The taskforce discovered that the OPM breach was specifically con­ducted through a phishing attack – or an email borne attack. A phishing attack typically involves a specific in­dividual the hacker considers a high value asset. The attackers attempt to compromise their credentials in order to get to datasets.

“Once they capture their creden­tials, they use that information to do a privileged escalation,” Miller said. “A privileged escalation gives the hacker the opportunity to laterally move across the network. So the hacker has the ability to compromise additional high value assets.” The way they come into the system is typically through an endpoint or a consumer’s device.

In order to help agencies find a path forward after the breach, the White House released a mandate that, according to Miller, takes a more comprehensive and prescriptive approach than the federal cybersecurity sprint. For example, the memo mandates that within 30 days all agencies must comply with the guidance directed towards authentication and credentials.

However, Miller concedes the new guidance will not be easy to implement. “There will be a number of challenges the government will face, in particular those of information sharing, skilled resources, and budget alignment.”

IMPLEMENTATION CHALLENGES

Budget alignment The fiscal year 2016 budgets were drafted months ago. Now the new guidance has come out, so agencies have to align their existing budget allocation to this new guidance. The memo dictates very specific deliv­erable dates that agencies need to meet. “With the current budgetary environment, those December and March deadlines are going to be very difficult to meet,” Miller said.

Skilled workforce “Right now the government doesn’t have enough cybersecurity talent to implement some of these objectives laid out in the memo,” he said. “If they don’t recruit and hire the right people, they won’t be able to fulfill the objectives in the memo.”

Information sharing The ability to share threat intelli­gence information in a more mean­ingful way is paramount to the suc­cess of security in government. “We need to share threat information in a way that reinforces our overall position around the threat defense lifecycle,” according to Miller.

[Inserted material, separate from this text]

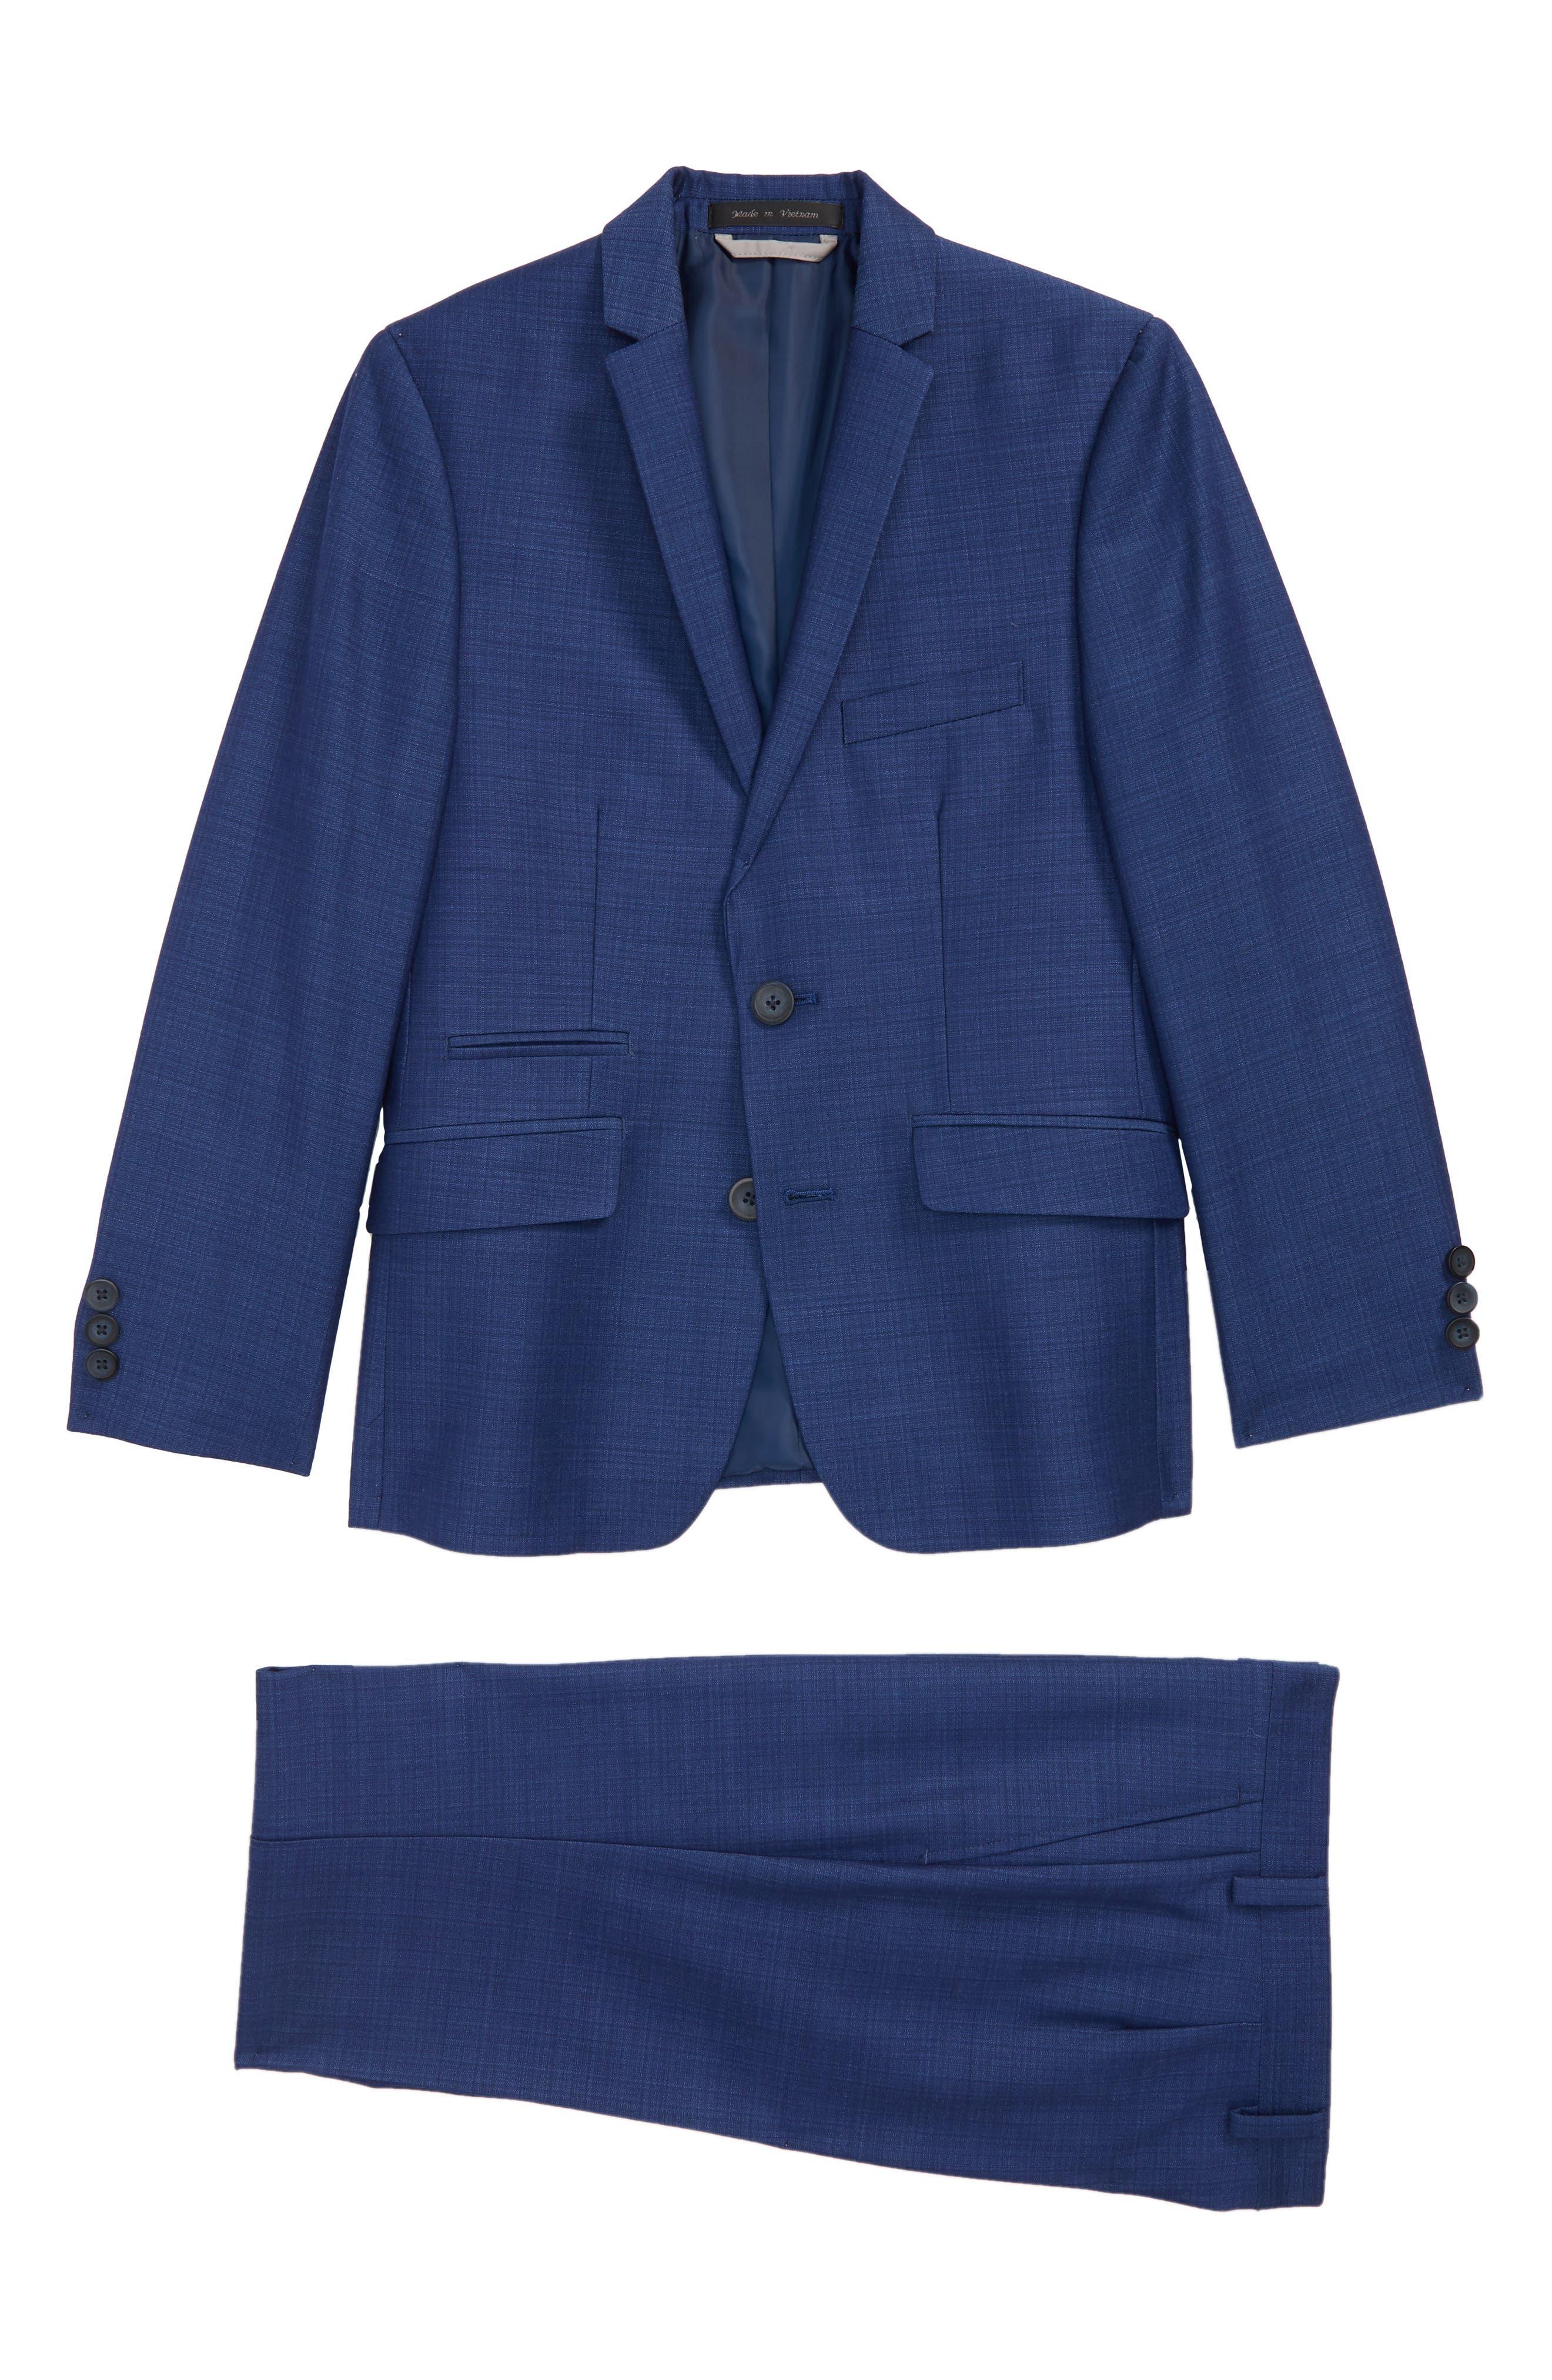 Textured Suit,                         Main,                         color, Blue/ Navy
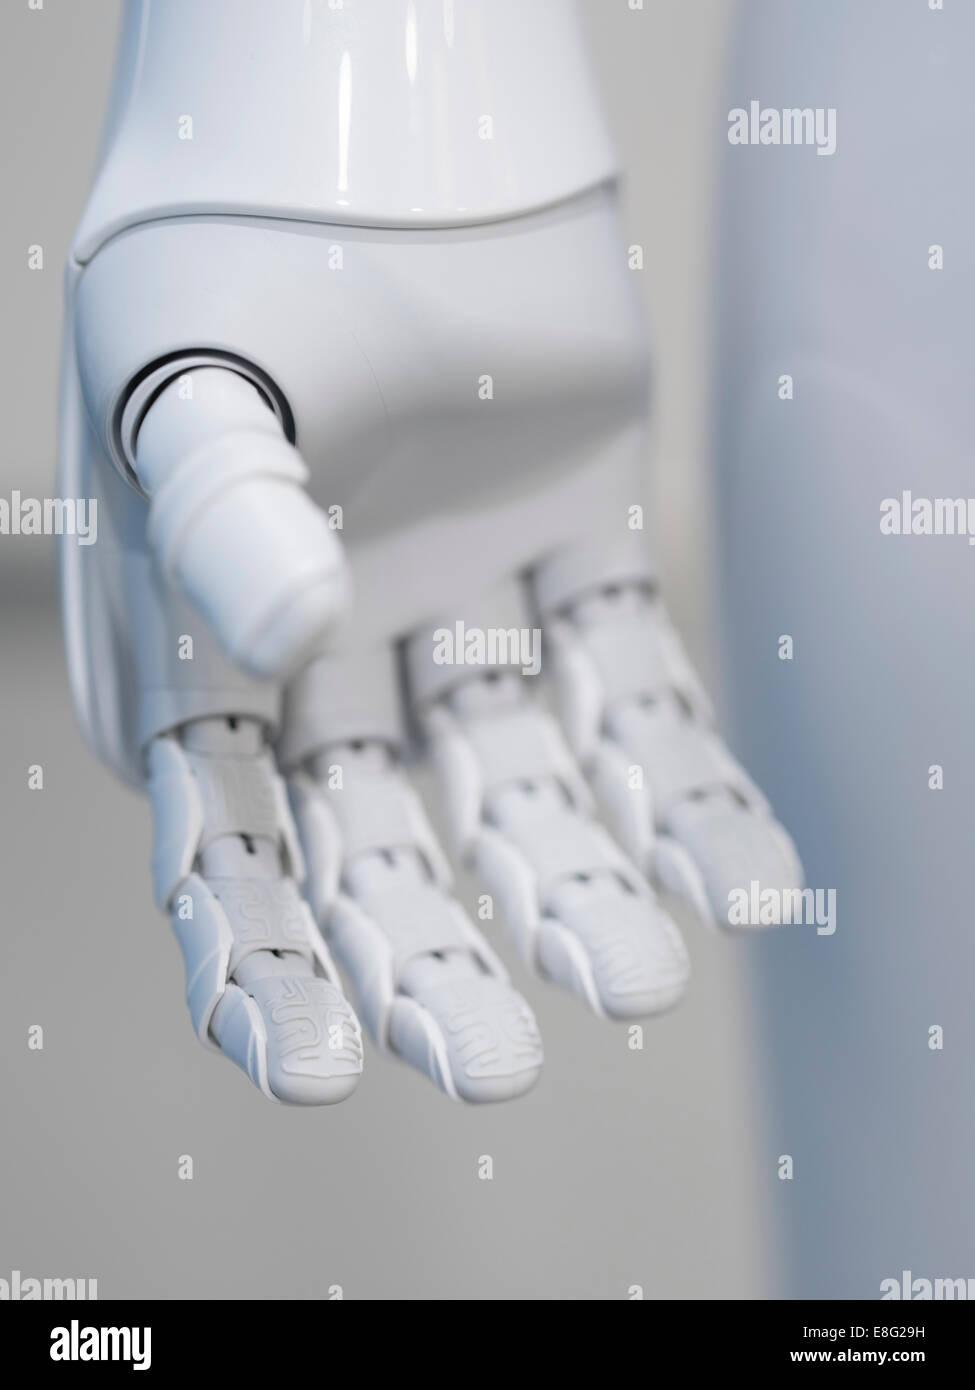 Pepe un robot umanoide da Aldebaran Robotics e SoftBank Mobile. All'Aoyama Softbank Store, Tokyo, Giappone. Immagini Stock

To help combat these challenges, Intel has rolled out a Security Threat Defense Lifecycle program. The solution takes a network’s defense sensor grid, whether it’s at the net­work level or at the endpoint, and creates an automated communica­tion path for those sensors to take a proactive remediation position based on the threat intelligence data that they capture. “With the solution, agencies can remediate threats in a much more efficient manner with fewer resources,” explained Miller. The automated communication path created by the Security Threat Defense

Lifecycle is just one part of Intel’s approach to combating cyber breaches. “For the last 18 months we have been talking about the connected security story. The government has been operating as a series of siloed technologies that are all chasing the same out­come. The challenge was we didn’t have an effective means to share information across those different classifications of sensors,” said Miller. “Now we do.”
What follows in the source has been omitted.